March 2026 Public Offering

 

On March 20, 2026, the Company closed a public offering (the “March 2026 Public Offering”) conducted pursuant to a placement agency agreement (the “March 2026 Placement Agency Agreement”) and securities purchase agreements with certain investors participating in the offering (the “March 2026 Securities Purchase Agreements”), pursuant to which the Company issued and sold (i) an aggregate of 6,283,334 shares of common stock, (ii) pre-funded warrants (the “March 2026 Pre-Funded Warrants”) exercisable for an aggregate of up to 383,333 shares of common stock (the “March 2026 Pre-Funded Warrant Shares”), (iii) Series G warrants (the “Series G Warrants”) exercisable for an aggregate of up to 6,666,667 shares of common stock (the “Series G Warrant Shares”) and (iv) Series H warrants (the “Series H Warrants” and together with the Series G Warrants, the “March 2026 Common Stock Warrants”) exercisable for an aggregate of up to 6,666,667 shares of common stock (the “Series H Warrant Shares” and together with the March 2026 Pre-Funded Warrant Shares and Series G Warrant Shares, the “March 2026 Warrant Shares”), for aggregate gross proceeds of $10.0 million.

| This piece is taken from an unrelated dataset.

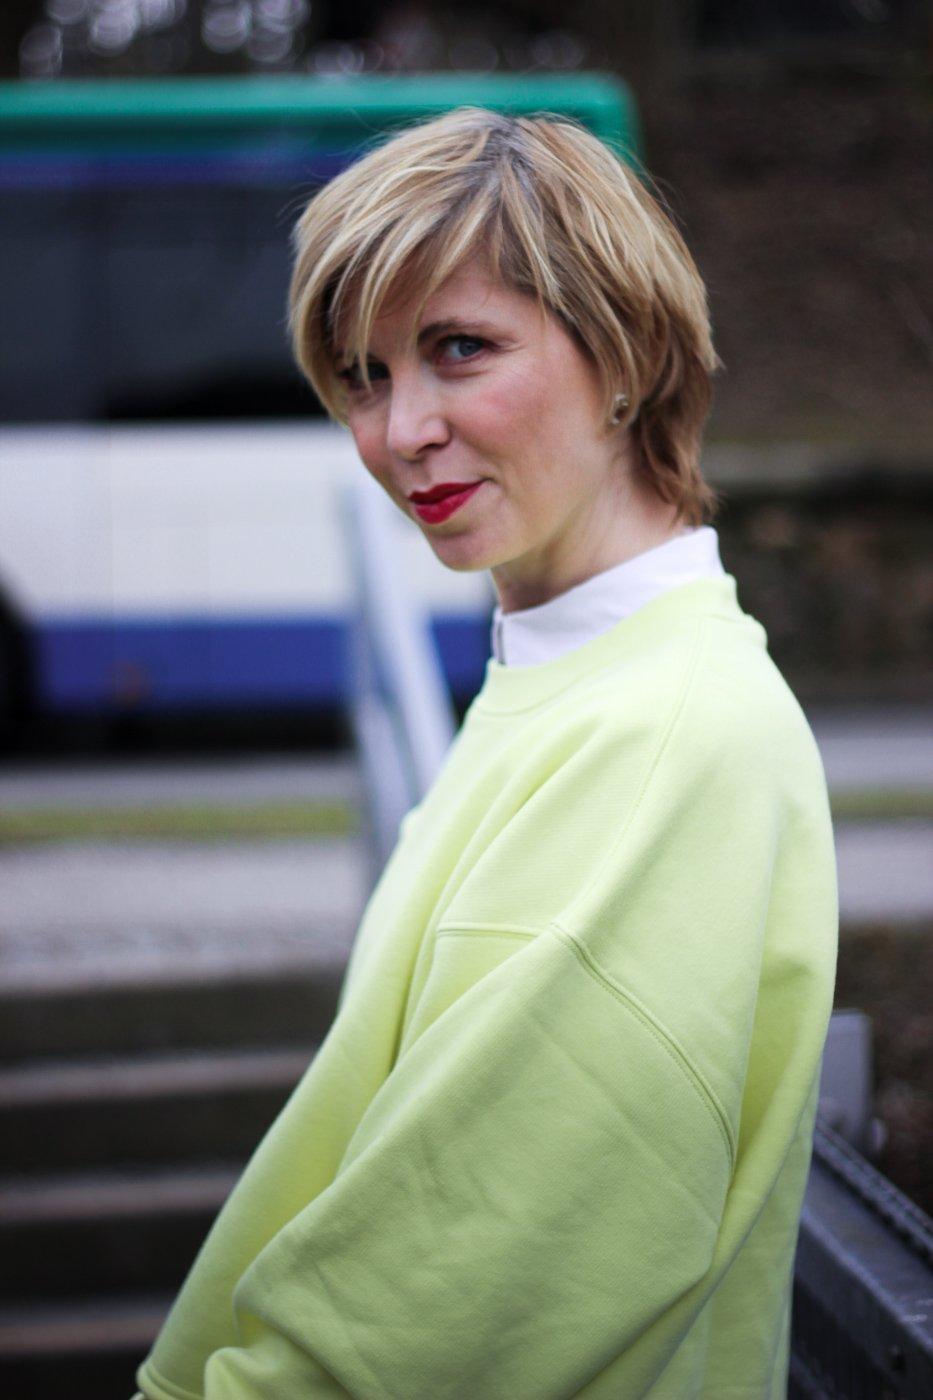 conny doll lifestyle: LeGer, Frühlingslook, gelber Pullover, weiße Bluse

Each share of common stock (or March 2026 Pre-Funded Warrant in lieu thereof) was sold together with (i) a Series G Warrant to purchase one share of common stock and (ii) a Series H Warrant to purchase one share of common stock, at a combined public offering price of $1.50 per share of common stock and accompanying March 2026 Common Stock Warrants (or a combined public offering price of $1.4999 per March 2026 Pre-Funded Warrant and accompanying March 2026 Common Stock Warrants). The March 2026 Pre-Funded Warrants have an exercise price of $0.0001 per share and will expire when exercised in full. The Series G Warrants are exercisable immediately, have a term of five years from the date of issuance and have an exercise price of $1.50 per share. The Series H Warrants are exercisable immediately, have a term of twelve months and have an exercise price of $1.50 per share. The net proceeds to the Company from the March 2026 Public Offering were approximately $8.9 million, after deducting Placement Agent fees and expenses and other offering expenses payable by the Company.